NEWS

Ndamukong Suh has profound impact on young Lions' fan and his family

Posted Feb 7, 2013

Detroit Lions DT Ndamukong Suh befriends Kaden Schmale, who lost an 8 1/2-year battle with brain cancer on Monday

Ndamukong Suh and Kaden Schmale

Ndamukong Suh posted a photo and heartfelt message on his Twitter and Facebook accounts Tuesday.

It said: "My dear friend Kaden lost his battle w cancer last night. He's 4evr in my heart. Pray4 his family in their time of need"

For a player who is often criticized for the way he plays the game of football, Detroit Lions defensive tackle Ndamukong Suh has a much softer side.

In fact, just days after the passing of 14-year-old Kaden Schmale, his aunt, April, couldn't say enough about her friend, Ndamukong, and the way he impacted her nephew.

"Ndamukong has such a big heart that he felt like if there was anything he could do for (Kaden), he would," said April Schmale.

Ndamukong and Kaden got to know each other through April Schmale, who met Suh through a mutual friend and worked for a large travel agency in Nebraska when Suh was still attending college.

April handled travel for Suh post-graduation when he was shuttling back and forth between NFL interviews and mentioned her nephew to the athlete.

"I told Ndamukong how much of a fan he was of him at Nebraska," said April. "They got to know each other through me."

DIFFICULT DIAGNOSIS
Kaden was diagnosed with brain cancer in 2004 at the age of six.

The tumor was a centralized form of cancer that was removed with brain surgery. Kaden had a year's worth of chemotherapy and radiation, and was declared in remission, or cancer-free.

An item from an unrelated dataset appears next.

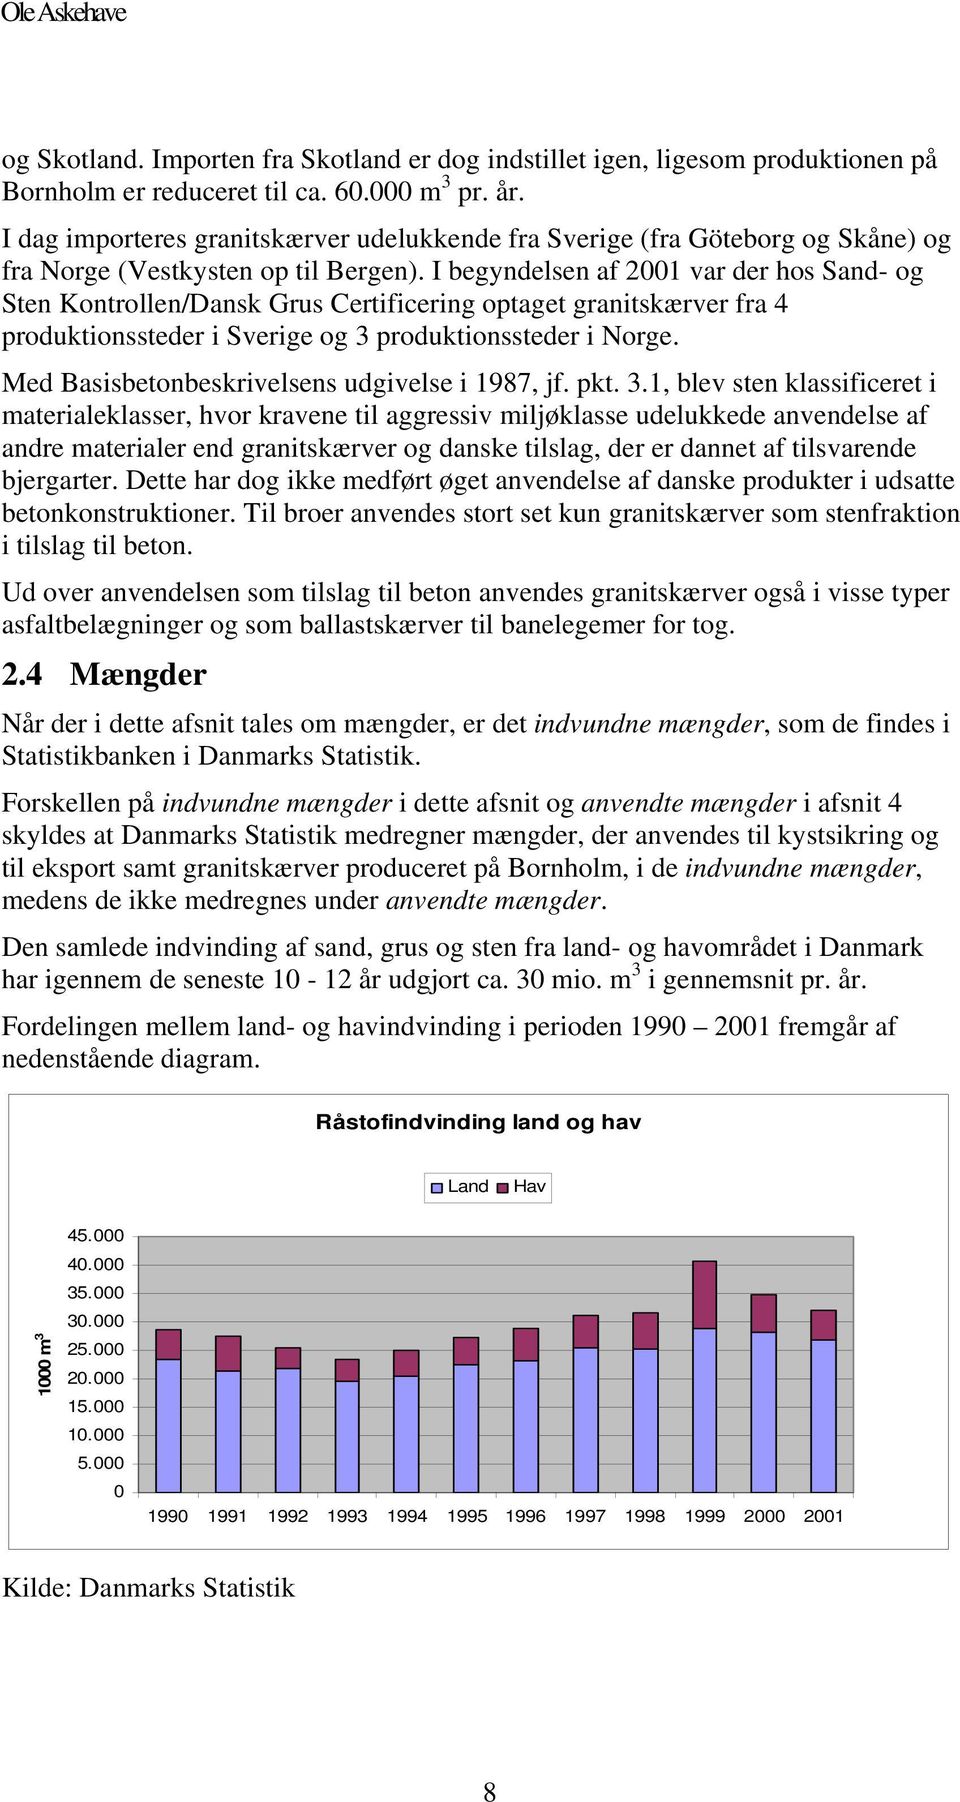 I begyndelsen af 21 var der hos Sand- og Sten Kontrollen/Dansk Grus Certificering optaget granitskærver fra 4 produktionssteder i Sverige og 3 produktionssteder i Norge.

He received annual follow-up MRIs following his clean bill of health and all was clear for five years.

When he went in for the MRI six years after he was declared cancer-free, the doctor told the family he would probably be in the clear since after making it so far.

"We kind of let our guard down," said April. "Then he went back in in February or March of 2009 for his MRI and they said it had come back, but this time it was Glioblastoma, which is the most aggressive type of brain cancer there is and isn't typically seen in children."

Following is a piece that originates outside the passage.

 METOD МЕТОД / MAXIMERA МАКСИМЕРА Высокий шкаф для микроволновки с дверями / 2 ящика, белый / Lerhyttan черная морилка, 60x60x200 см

Doctors weren't sure how to treat it, but performed another brain surgery to remove the tumor and then followed up with another 10 months of chemotherapy.

"The chemo would hold it off for awhile and then it would turn around and continue to grow," said April. "He had three brain surgeries in all; one in March of 2009, one of March of 2010.

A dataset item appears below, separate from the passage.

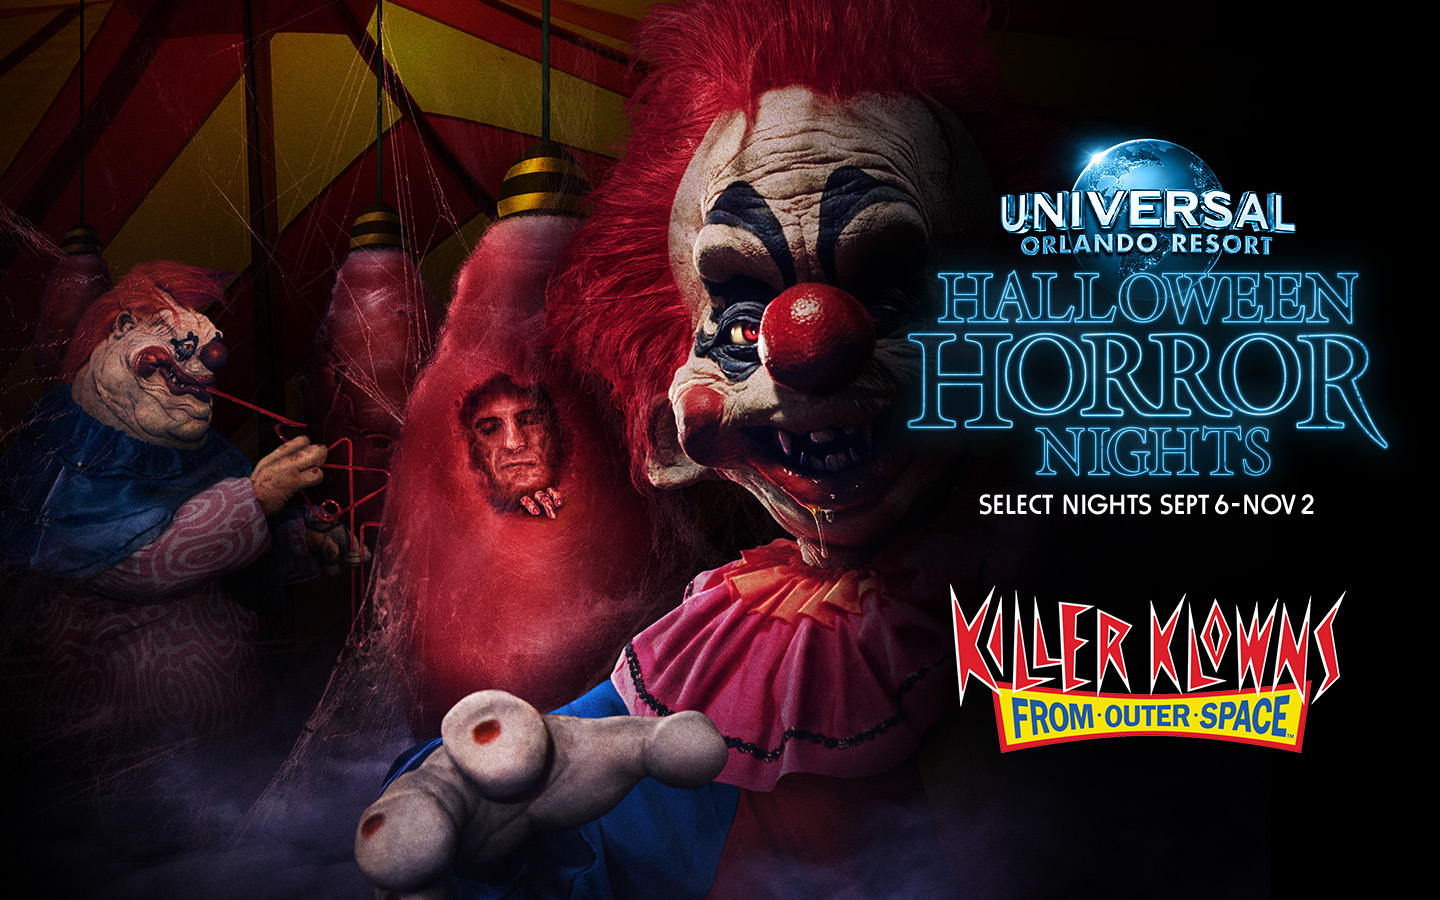 Killer Klowns de la casa del espacio exterior anunciados para Halloween Horror Nights 2019

"We basically, at that point, said this type (of cancer) has fingers and burrows down into the brain – we just weren't able to get it all.

"The average life expectancy after diagnosis of Glioblastoma is 12 months and he made it almost three years. So he's a fighter."

GOOD LUCK CHARM
Suh had given April items to help encourage Kaden through his therapy process, including a Detroit Lions jersey as a "chemo present" following what the family hoped would be his final session in March of 2011.

Six weeks after that final session, however, the cancer started growing again.

"Ndamukong had invited us to come up to a game and I said, ‘I'd really love to bring Kaden,'" said April. "He's said, ‘Absolutely.'

"We worked it out to come to the home opener of the (2012) season. The three of us (Kaden, April and Kaden's mom, Sherri) came up to the suite and came to the game and Ndamukong came up and spent some time with us after the game."

The game Kaden attended was the team's regular season opener against the St. Louis Rams.

In that game, the Lions trailed by three heading into the final minute of regulation.

"I said to Kaden, ‘Oh, my God, they're going to end up kicking a field goal and we're going to go into overtime,' and he said, ‘No, they're not. They're going to score a touchdown and win,'" said April.

"Literally the next play, Matt Stafford threw like a 5-yard touchdown pass and they scored and they won with like 10 seconds left. We were just like, ‘You've got to be kidding me.'"

Following that game, Suh surprised Kaden in the suite.

"I didn't tell him that we were going to meet him," said April. "His face just turned bright red and he kind of looked at Ndamukong and looked at me and looked back and Ndamukong like, ‘Oh my God, is this really him?'

"(Ndamukong) came over and they talked for probably 20 minutes, just about everything."

LOVING THE LIONS
Kaden, his aunt, April, and his mom, Sherri, made that trip out to Detroit the first weekend of September.

Almost five months to the day – Monday, February 4 – Kaden lost his battle with cancer.

"I wanted to give him and my sister memories for them – especially my sister - knowing what was probably going to be the outcome with this type of cancer," said April of the family's trip to Detroit.

"I was so thankful that Ndamukong wanted to be a part of and wanted to give him those memories."

Those memories have ultimately turned Kaden's family into full-fledged Lions fans.

"(These athletes are) in a position to raise awareness and just give people hope," said April.

"(Kaden) just looked up to him so much. It just gave him encouragement to keep going."